如何在python cuDF中使用自定义函数进行分组?
如何在python cuDF中使用自定义函数进行分组?
提问于 2022-07-30 08:23:34
我刚开始使用GPU进行数据操作,并且一直在努力复制cuDF中的一些功能。例如,我希望为数据集中的每个组获取一个模式值。在Pandas中,使用自定义函数很容易实现:
df = pd.DataFrame({'group': [1, 2, 2, 1, 3, 1, 2],
'value': [10, 10, 30, 20, 20, 10, 30]}
| group | value |
| ----- | ----- |
| 1 | 10 |
| 2 | 10 |
| 2 | 30 |
| 1 | 20 |
| 3 | 20 |
| 1 | 10 |
| 2 | 30 |
def get_mode(customer):
freq = {}
for category in customer:
freq[category] = freq.get(category, 0) + 1
key = max(freq, key=freq.get)
return [key, freq[key]]
df.groupby('group').agg(get_mode)
| group | value |
| ----- | ----- |
| 1 | 10 |
| 2 | 30 |
| 3 | 20 |但是,我似乎无法在cuDF中复制相同的功能。尽管似乎有一种方法,我已经找到了一些例子,但它在我的情况下不起作用。例如,下面是我试图为cuDF使用的函数:
def get_mode(group, mode):
print(group)
freq = {}
for i in range(cuda.threadIdx.x, len(group), cuda.blockDim.x):
category = group[i]
freq[category] = freq.get(category, 0) + 1
mode = max(freq, key=freq.get)
max_freq = freq[mode]
df.groupby('group').apply_grouped(get_mode, incols=['group'],
outcols=dict((mode=np.float64))有谁能帮我了解一下这里出了什么问题,以及如何解决它?试图运行上面的代码会引发以下错误(希望我成功地将其置于扰流板之下):
Error code TypingError: Failed in cuda mode pipeline (step: nopython frontend)
Failed in cuda mode pipeline (step: nopython frontend)
- Resolution failure for literal arguments:
No implementation of function Function(<function impl_get at 0x7fa8f0500710>) found for signature:
>>> impl_get(DictType[undefined,undefined]<iv={}>, int64, Literal[int](0))
There are 2 candidate implementations:
- Of which 1 did not match due to:
Overload in function 'impl_get': File: numba/typed/dictobject.py: Line 710.
With argument(s): '(DictType[undefined,undefined]<iv=None>, int64, int64)':
Rejected as the implementation raised a specific error:
TypingError: Failed in nopython mode pipeline (step: nopython frontend)
non-precise type DictType[undefined,undefined]<iv=None>
During: typing of argument at /opt/conda/lib/python3.7/site-packages/numba/typed/dictobject.py (719)

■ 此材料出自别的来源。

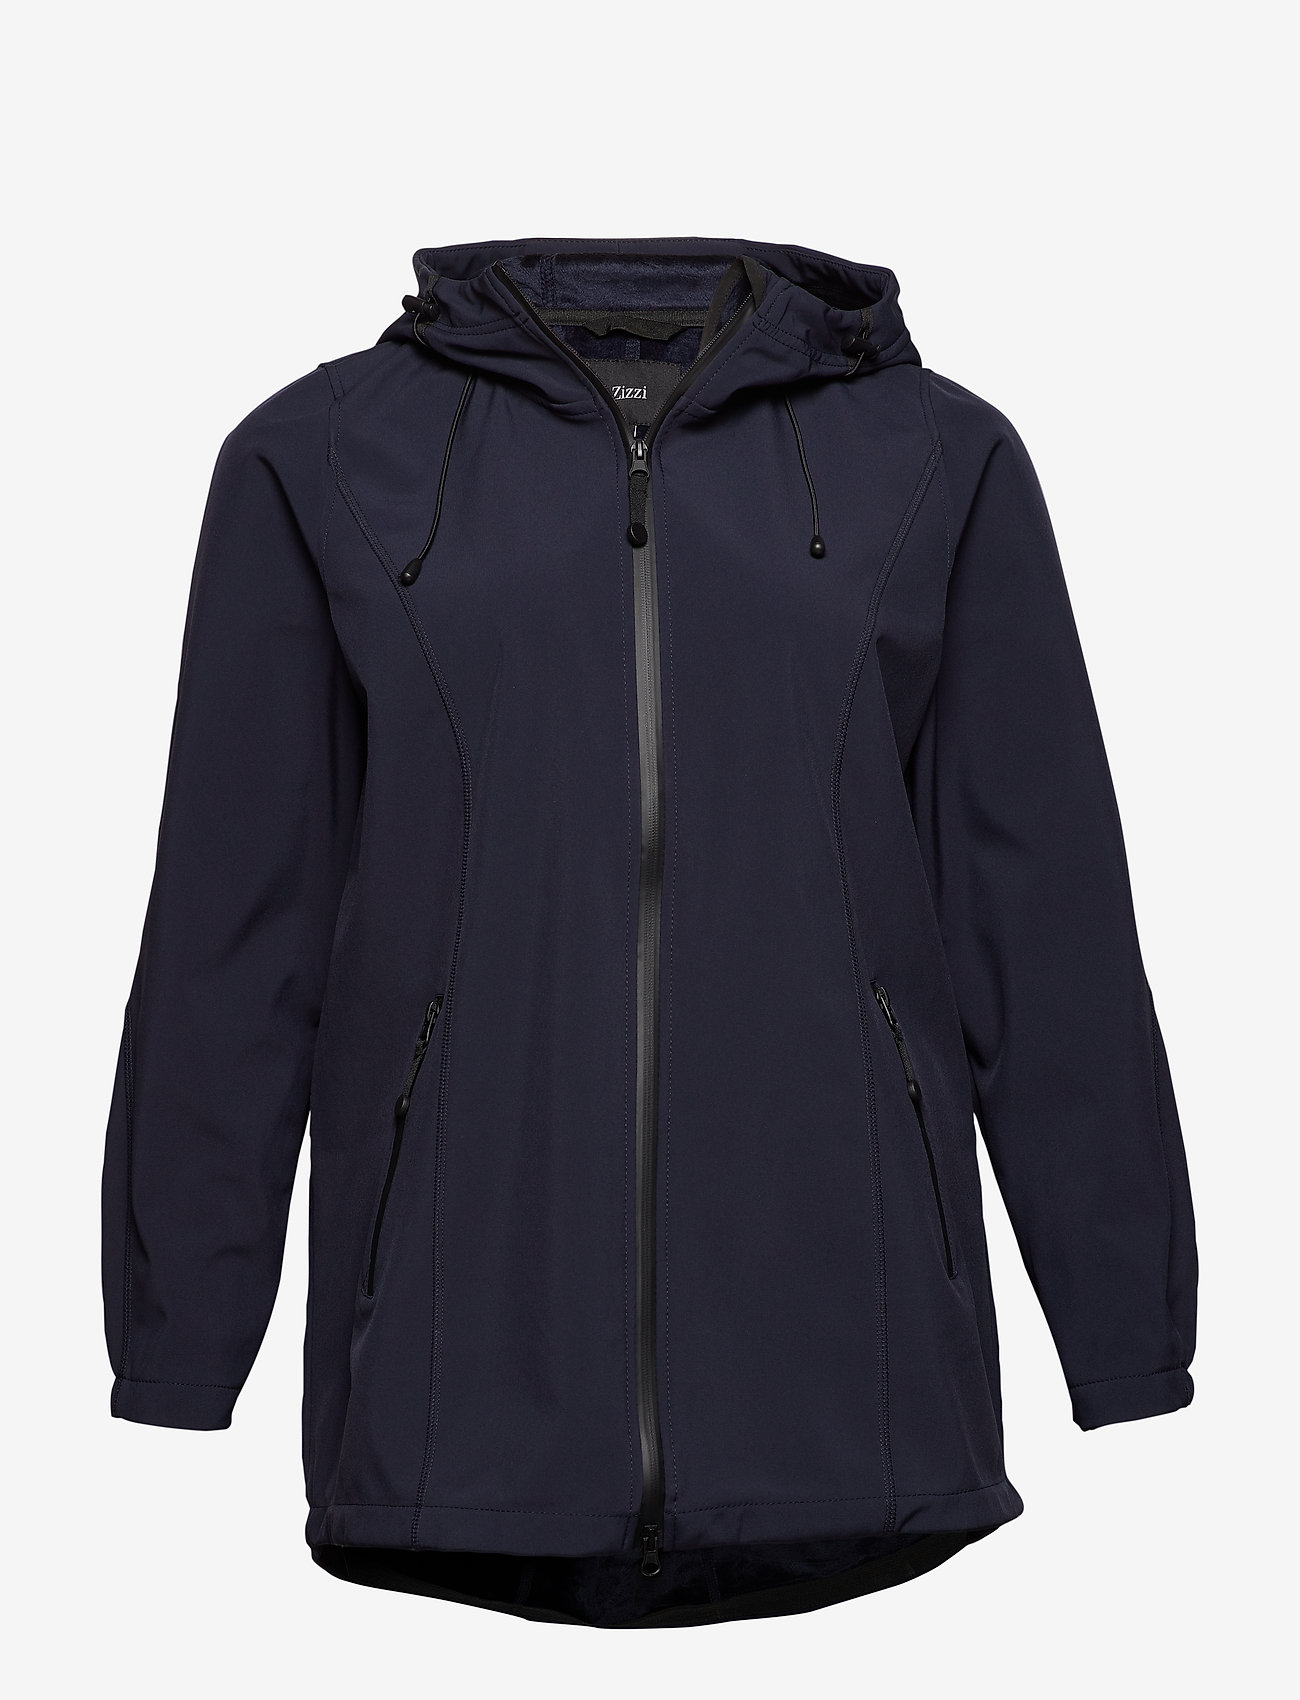 Zizzi - Softshell Jacket Water Repellent Soft and Warm - lichte jassen - dark blue - 1
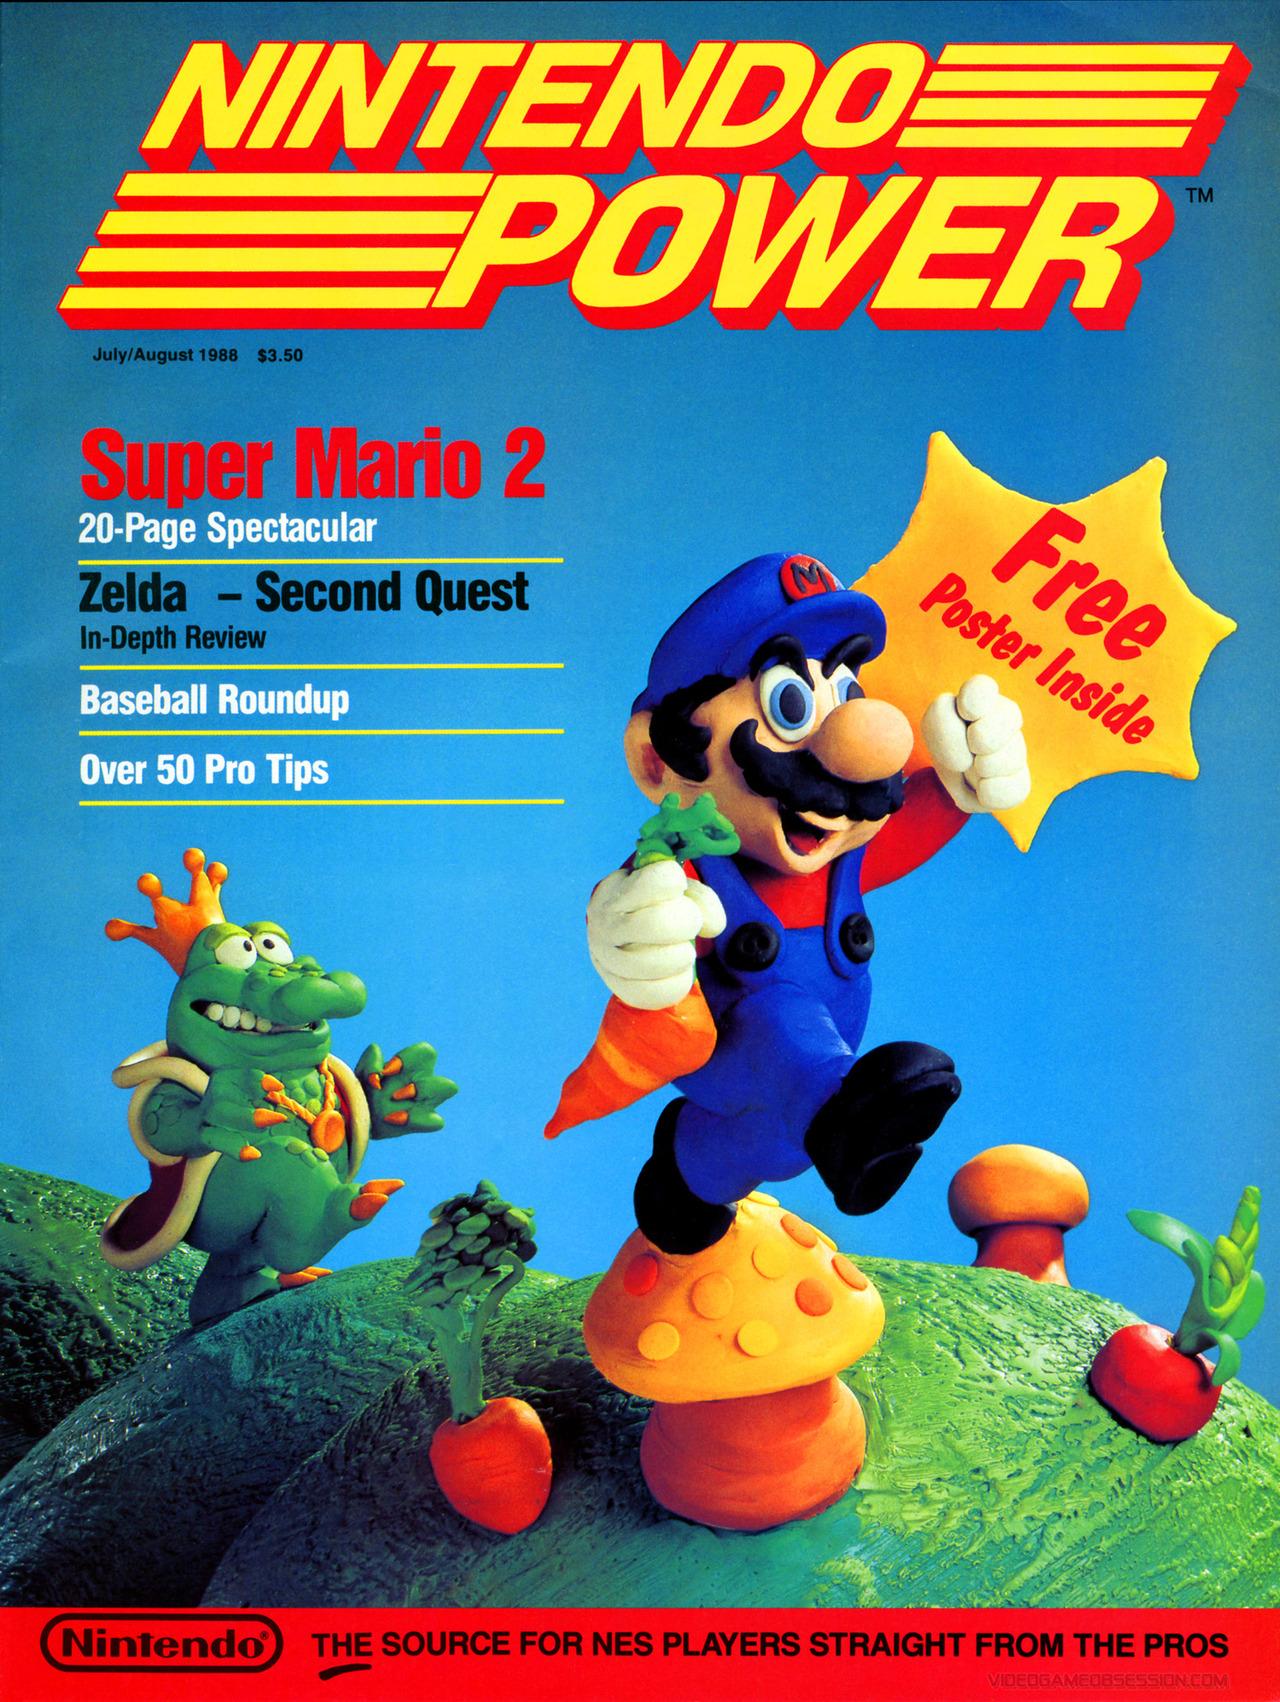 [Image: Nintendo_Power_Volume_1_-_Scan.png]

File "../../opt/conda/lib/python3.7/site-packages/numba/typed/dictobject.py", line 719:
def impl(dct, key, default=None):
castedkey = _cast(key, keyty)
^
raised from /opt/conda/lib/python3.7/site-packages/numba/core/typeinfer.py:1086
- Of which 1 did not match due to:
Overload in function 'impl_get': File: numba/typed/dictobject.py: Line 710.
With argument(s): '(DictType[undefined,undefined]<iv={}>, int64, Literal[int](0))':
Rejected as the implementation raised a specific error:
TypingError: Failed in nopython mode pipeline (step: nopython frontend)
non-precise type DictType[undefined,undefined]<iv={}>
During: typing of argument at /opt/conda/lib/python3.7/site-packages/numba/typed/dictobject.py (719)
File "../../opt/conda/lib/python3.7/site-packages/numba/typed/dictobject.py", line 719:
def impl(dct, key, default=None):
castedkey = _cast(key, keyty)
During: resolving callee type: BoundFunction((<class 'numba.core.types.containers.DictType'>, 'get') for DictType[undefined,undefined]<iv={}>)
During: typing of call at /tmp/ipykernel_33/2595976848.py (6)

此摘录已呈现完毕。